▶ _WHAT YOU NEED TO DO_:
In the entries below, find the line with "Timm Serif 4 Font Family Pack" and the line with "The Spreyton cricket". Repeat exactly everything between them, those two lines included, but not the pictures.

[Opening EXERCISE INPUTS section]

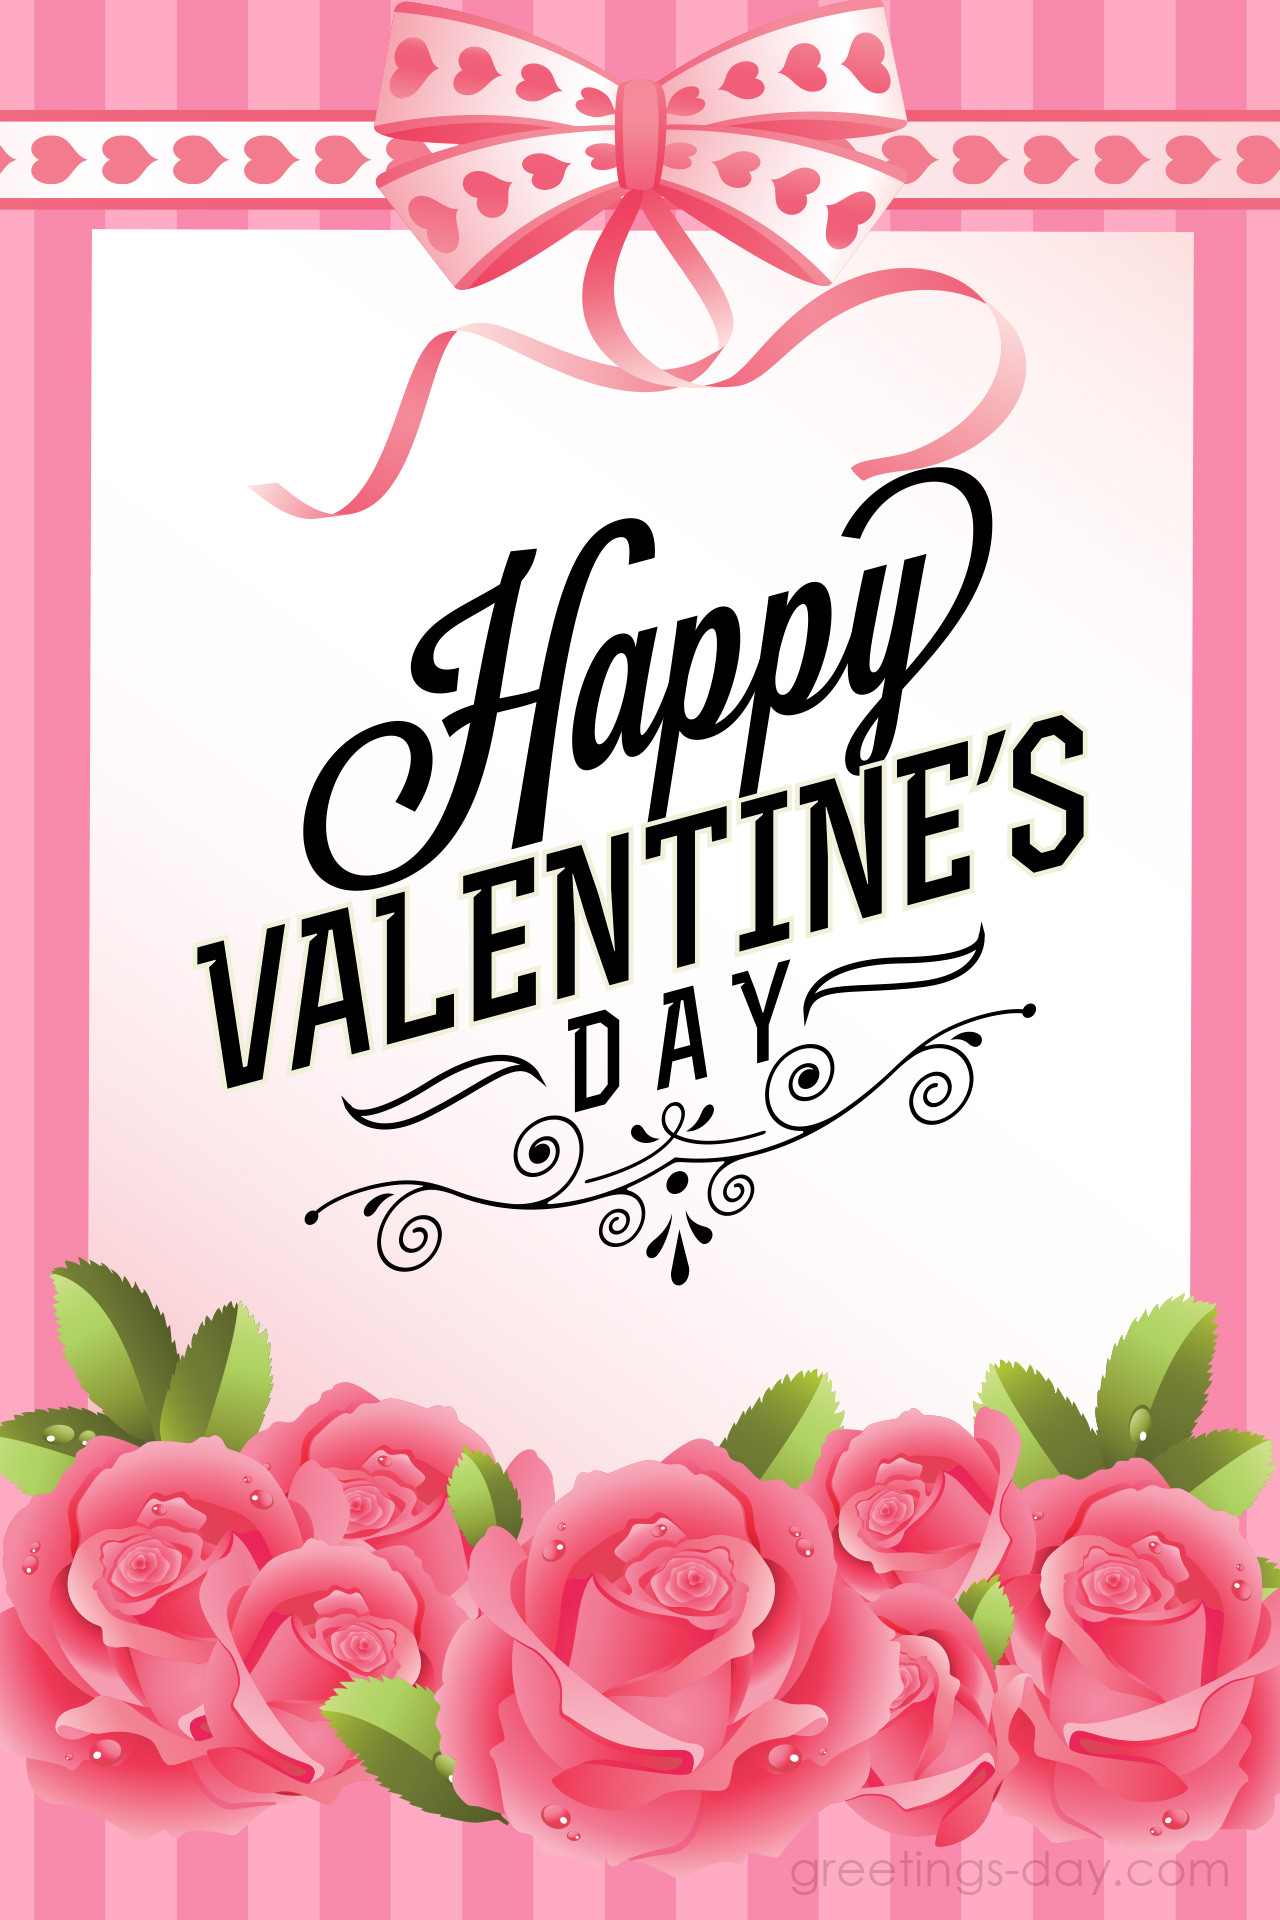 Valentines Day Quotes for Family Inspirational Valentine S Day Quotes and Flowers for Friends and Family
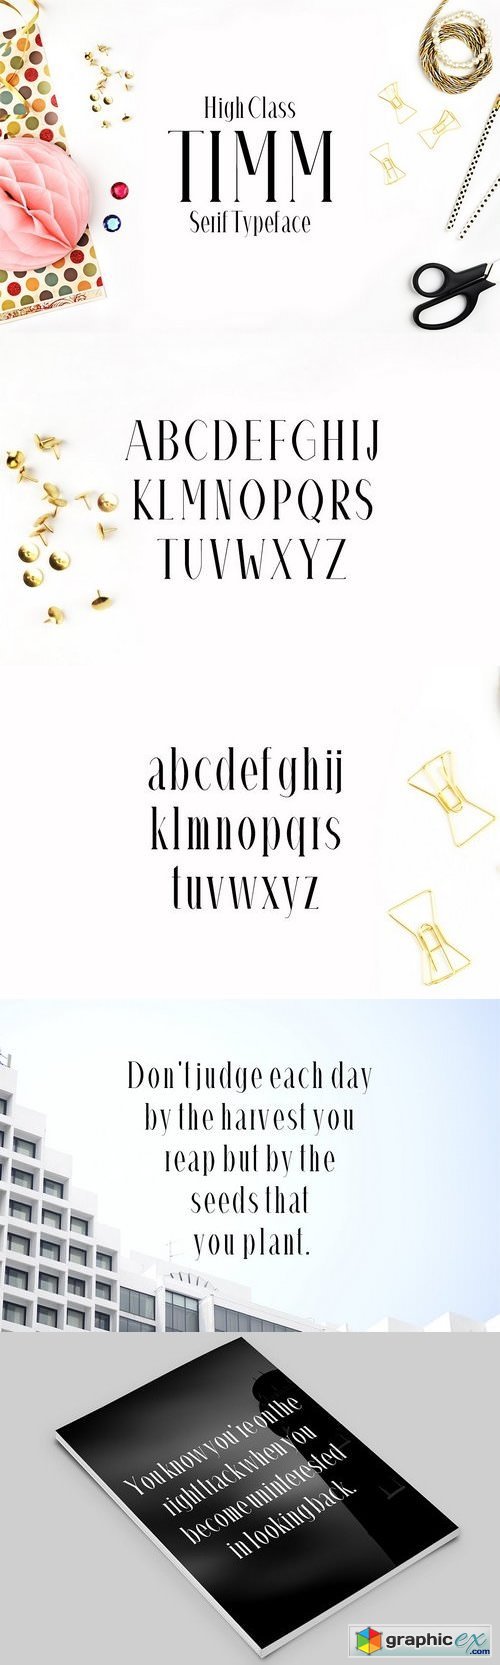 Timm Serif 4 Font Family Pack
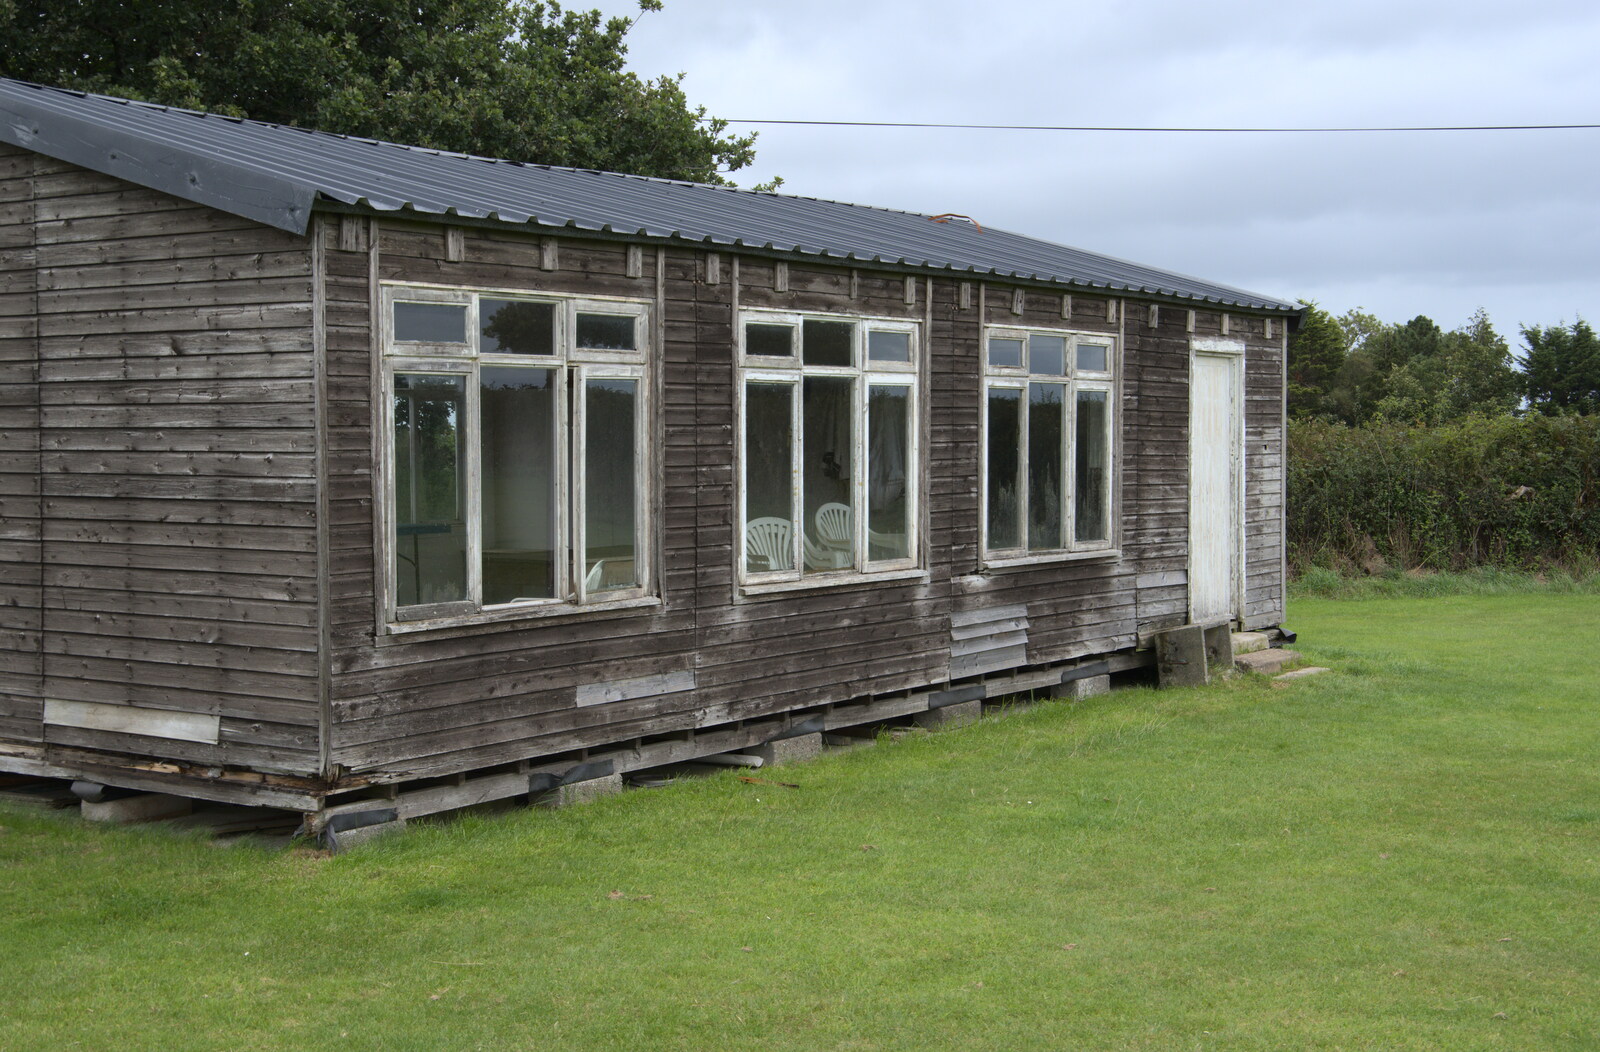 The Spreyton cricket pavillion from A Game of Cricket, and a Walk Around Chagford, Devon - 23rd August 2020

[Closing EXERCISE INPUTS section]
[Opening EXERCISE INPUTS section]

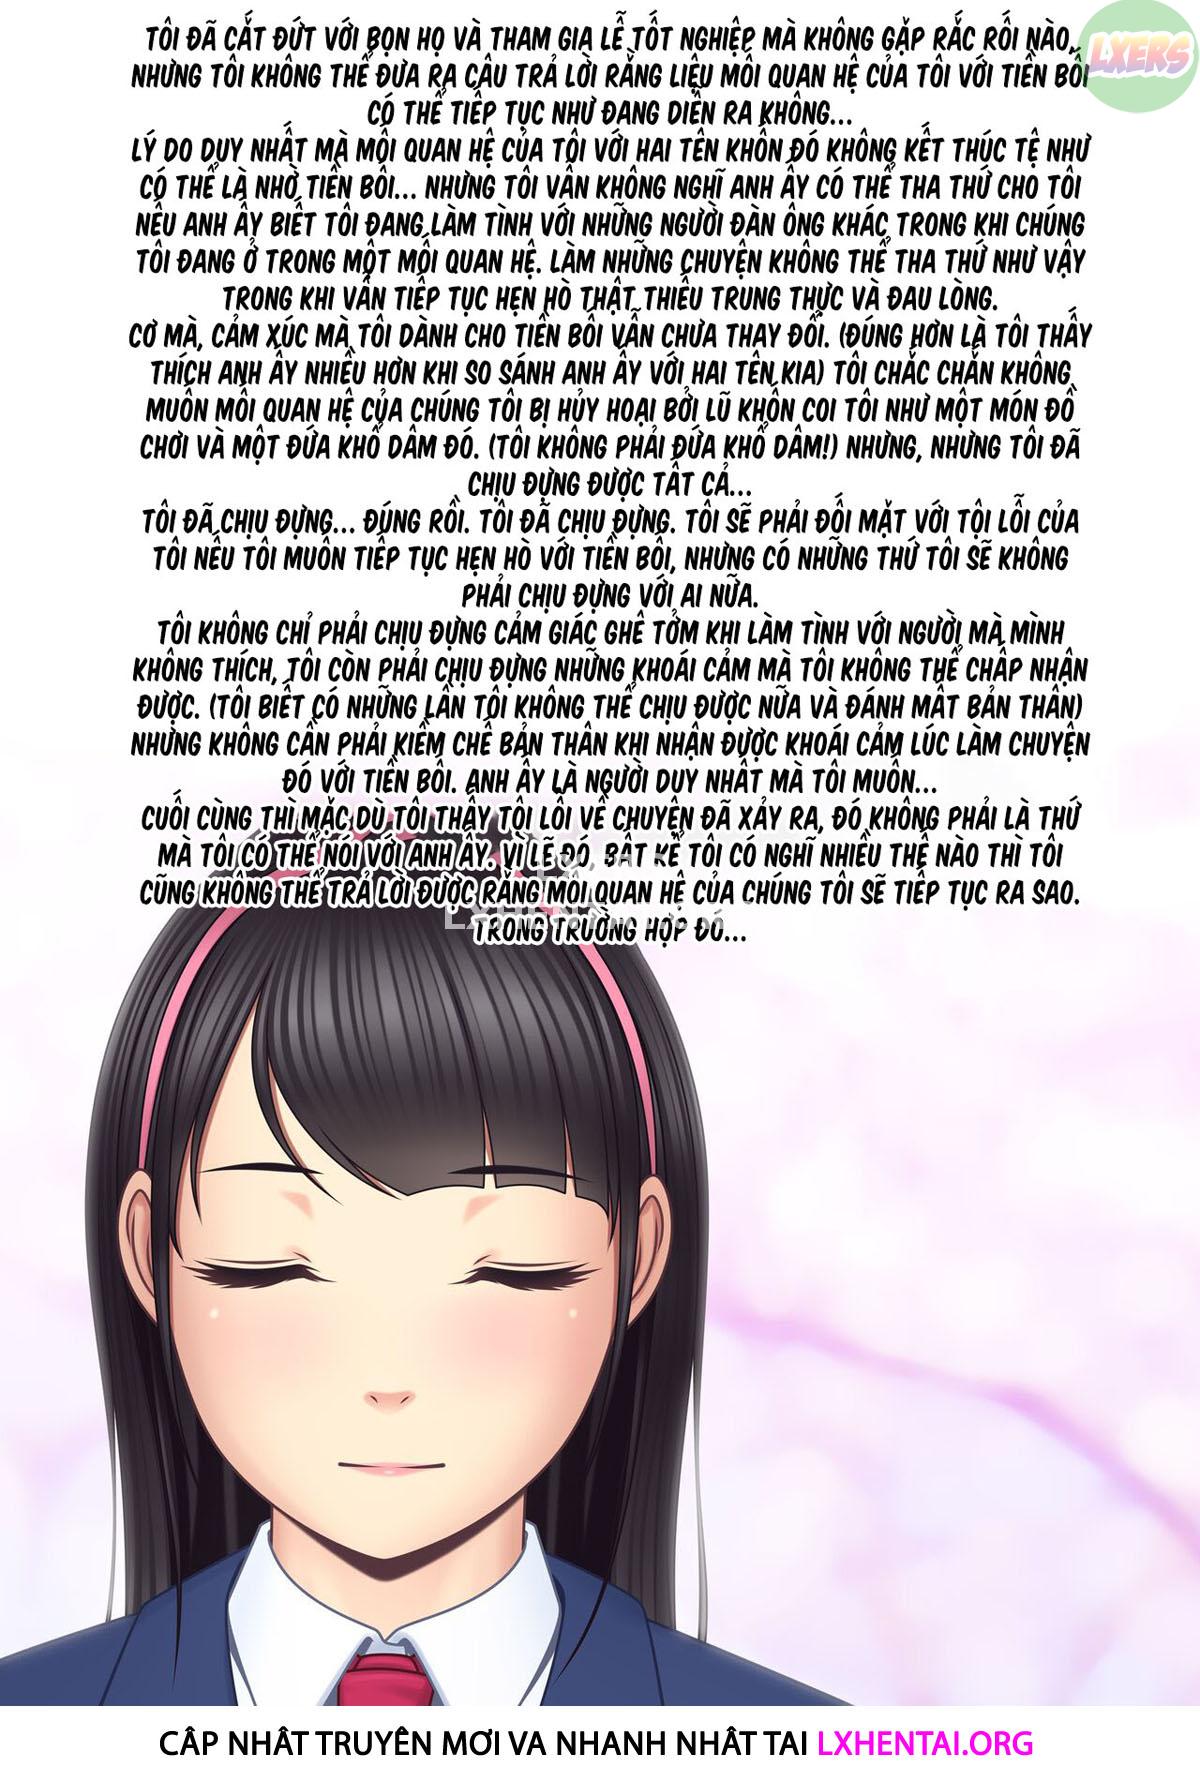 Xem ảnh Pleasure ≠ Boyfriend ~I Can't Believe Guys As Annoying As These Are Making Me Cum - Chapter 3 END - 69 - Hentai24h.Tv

[Closing EXERCISE INPUTS section]

▶ _TASK ANSWER_:
 Timm Serif 4 Font Family Pack
 The Spreyton cricket pavillion from A Game of Cricket, and a Walk Around Chagford, Devon - 23rd August 2020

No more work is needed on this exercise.